BACKGROUND: Asthma is an inflammatory airway disease associated with infiltration of T cells and eosinophils, increased levels of pro-inflammatory cytokines, and shedding of bronchial epithelial cells (EC). We have recently shown that T cells and eosinophils cooperate in inducing bronchial EC apoptosis in asthma through secretion of IFN-gamma and TNF-alpha. Since EC shedding is a histologic hallmark of asthma, the intercellular junction of EC may be a target of pro-inflammatory cytokines. METHODS: Bronchial EC, cultured and exposed to IFN-gamma and TNF-alpha, were studied for the expression of adhesion molecules and apoptosis. In addition, the epithelial layer of bronchial biopsies from asthma patients was evaluated for apoptosis, shedding, and expression of adhesion molecules. RESULTS: We demonstrate that the induction of EC apoptosis is accompanied by loss of E-cadherin. In situ examination of E-cadherin in asthma revealed a reduction in its expression on EC membranes. In contrast, the in vitro and in vivo expression of beta1-integrins and intercellular adhesion molecule-1 (ICAM-1) increased on EC during asthmatic airway inflammation.
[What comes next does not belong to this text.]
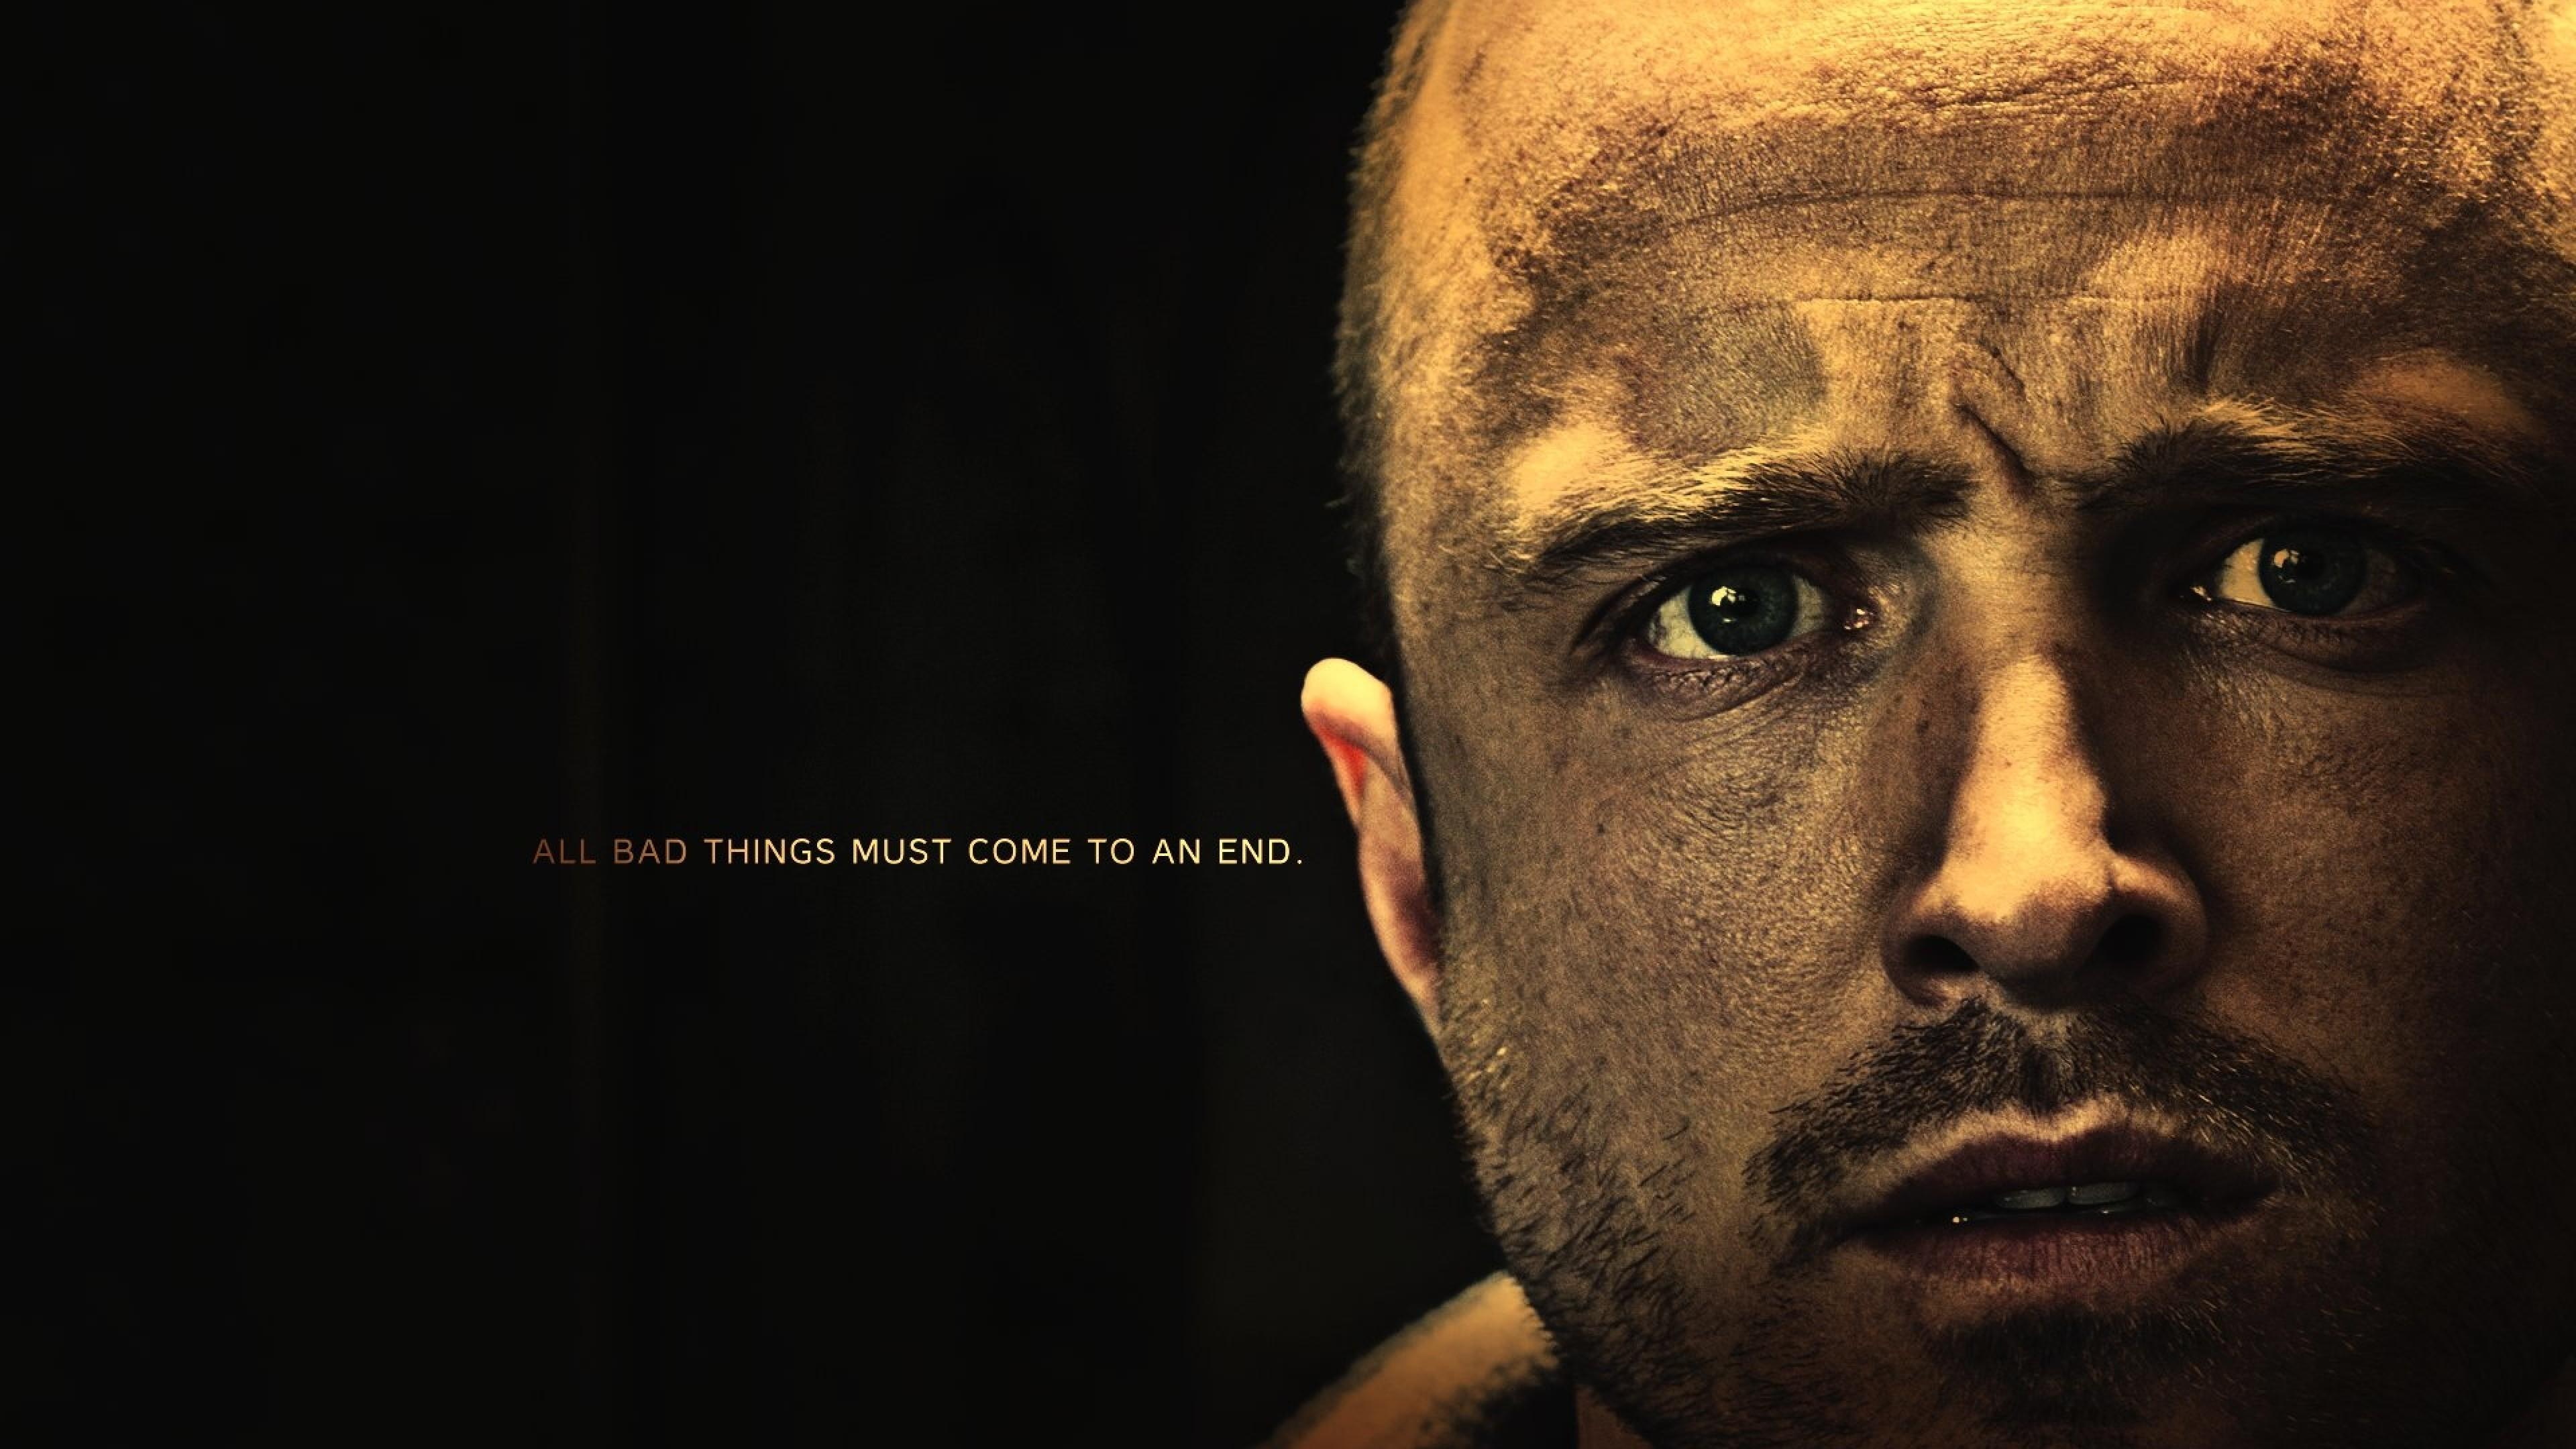 Download 3840x2160 Jesse Pinkman, All Bad Things Must Come To An End

CONCLUSIONS: Loss of cadherin-mediated intercellular adhesion and apoptosis could account for fragility and shedding of EC in asthma, especially since this occurs between columnar and basal EC.

T cells and eosinophils cooperate in the induction of bronchial epithelial cell apoptosis in asthma.

BACKGROUND: Asthma is an inflammatory airway disease associated with an infiltration of T cells and eosinophils, increased levels of pro-inflammatory cytokines, and shedding of bronchial epithelial cells (ECs). OBJECTIVE: Shedding of bronchial ECs is characterized by loss of the normal bronchial pseudostratified epithelium and the maintenance of a few basal cells on a thickened basement membrane. The aim of this study was to investigate whether, and by which mechanism, T cells and eosinophils can cause damage to airway ECs. METHODS: Bronchial ECs, cultured and exposed to cytokines, eosinophil cationic protein, activated T cells, and eosinophils were studied for the expression of apoptosis receptors (flow cytometry, immunoblotting, and RNA expression) and for the susceptibility for undergoing apoptosis. In addition, bronchial biopsy specimens from patients with asthma were evaluated for EC apoptosis. RESULTS: We demonstrate herein that the respiratory epithelium is an essential target of the inflammatory attack by T cells and eosinophils. Bronchial ECs underwent cytokine-induced cell death with DNA fragmentation and morphologic characteristics of apoptosis mediated by activated T cells and eosinophils. T cell- and eosinophil-induced EC apoptosis was blocked by inhibition of IFN-alpha and TNF-alpha; the Fas ligand-Fas pathway appears to be less important. Recombinant eosinophil cationic protein induced mainly necrosis of ECs. Furthermore, we demonstrated in situ apoptotic features of ECs in bronchial biopsy specimens of asthmatic patients. CONCLUSION: T cell- and eosinophil-induced apoptosis represents a key pathogenic event leading to EC shedding in asthma.